Sitecore Link: https://doc.sitecore.net/sitecore_experience_platform/80/setting_up__maintaining/search_and_indexing/walkthrough_setting_up_solr#_Preparing_Solr

Blog: https://soen.ghost.io/setting-up-solr-for-sitecore-8-x/

Leave the Sitecore index generation part to come back to after you have upgraded Sitecore and are ready to connect Sitecore Indexes to Solr Cores.

Prepare Upgrade Skeleton for IIS Webroot
-Execute a vanilla Sitecore install for Sitecore 8.2.
https://dev.sitecore.net/Downloads/Sitecore_Experience_Platform/82/Sitecore_Experience_Platform_82_Initial_Release.aspx

Configuration of servers
Configuring Servers
Database connection strings for configuring servers

Configure CD and CMS servers
Configure a content management server
Configure a content delivery server

Configure other servers as needed
Configure a processing server
Configure a reporting service server

For additional information regarding xDB set-up refer to Sitecore xDB

Restore Production Data
-Use the Sitecore Sidekick Content Migration tool for this. If you don’t have this tool installed in production, restore production data the traditional way in the environment closest to production – i.e. Staging/UAT/Pre-Prod – and then pull data from there.

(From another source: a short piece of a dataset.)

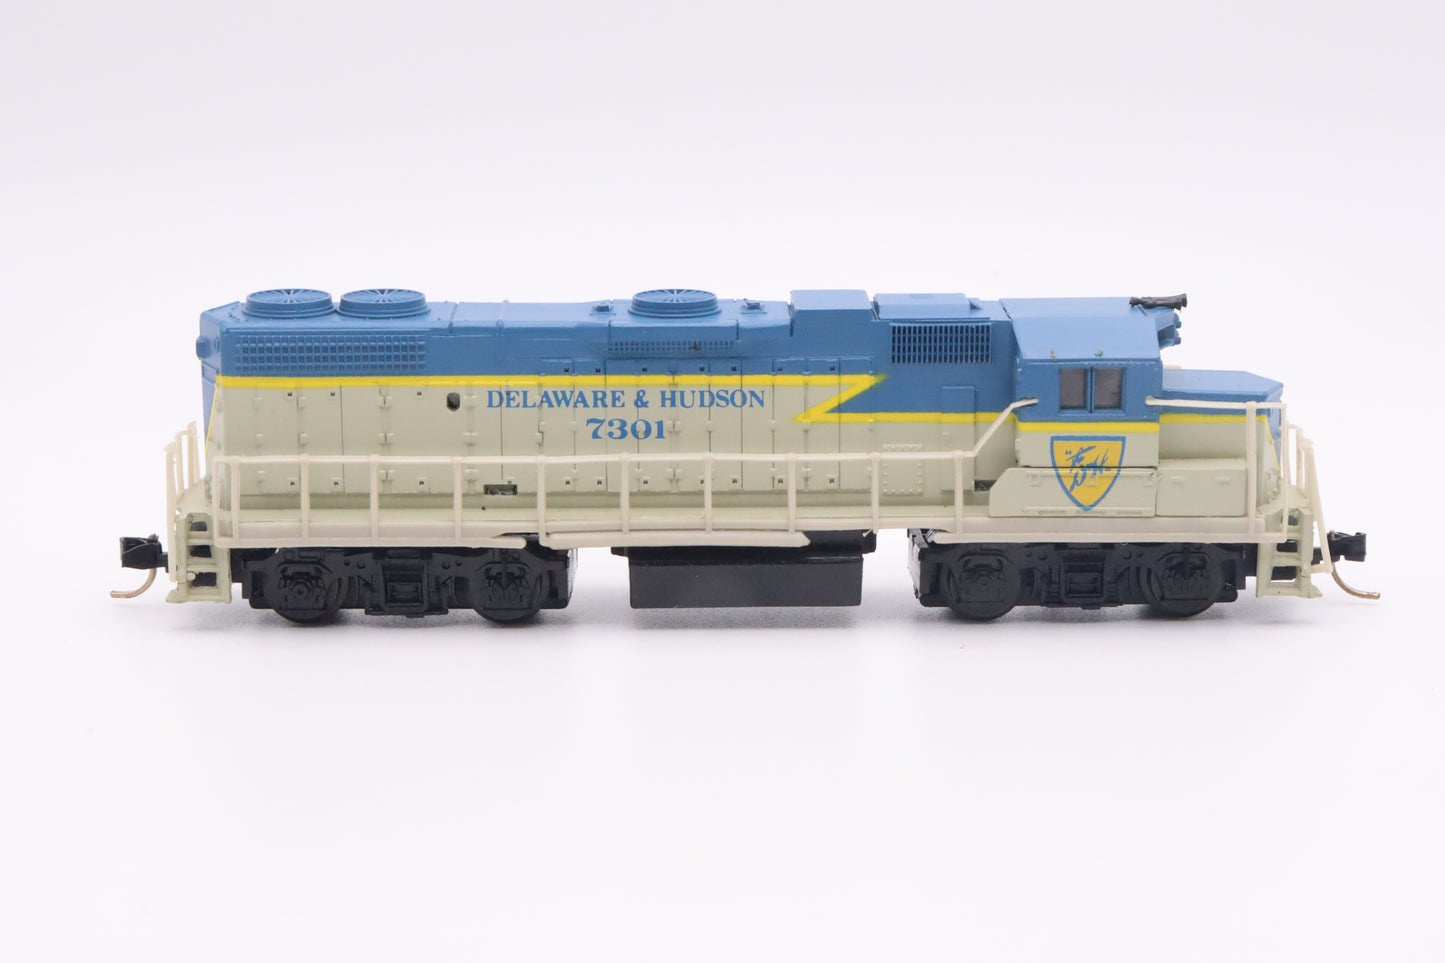 LL-7848 - GP-38 Locomotive - Delaware & Hudson - DH-7301

-Install the Nuget package on the solution. Make sure your web project is selected as default project. Here is what the pst Nuget Package install looks like:

pst-nuget-package-install

Copy following files to other environment’s CMS install instance:

sitecore-side-kick-files-1

sitecore-side-kick-files-2

Upgrade Sitecore
Revisit what you have accomplished:
-Solution upgraded
-Solr core set-up complete
-Production content restored and/or ready to be pulled down

Next, follow Sitecore Express Migration Tool Guide without skipping any steps.

Once the migration is completed successfully, prepare for the post upgrade steps as directed in the guide plus the next section.

Migrate IIS Website
Now is when you would need to be a domain expert as well as be able to read and understand Sitecore configs. I had to open few tickets with Sitecore for some of the settings I had on the existing solution.

-Compare/merge your configs
*config
*Custom application configurations files
*Configs installed as part of any of the Sitecore Shared Modules
*Deploy the binaries and files of your site to the vanilla Sitecore Webroot that is pointing to your upgraded set of Sitecore databases.

At the end of this step you should have a functional, upgraded Sitecore website sans some final fine tuning. You’re almost there!

Post Upgrade Operations
-Update Solr schema for any custom indexes you might have on your Sitecore instance
-Rebuild indexes
-Publish your site
-Test your site locally – making sure nothing else is missing and none of the site features are compromised including but not limited to:
*Analytics
*SEO
*ADA/WCAG 2.0
*Custom marketing components (tags, click campaigns etc.)

QA/UAT/Release
-Verify or restore the build/deploy processes for your application
-Install blank Sitecore databases in which environment is next
-Run the migration tool
-Deploy the web root
-Test the site > Fix the issue > Redeploy – this might take a few attempts

You did it! You are now ready to help your client enjoy many of the Sitecore 8.2 experience features to boost their business!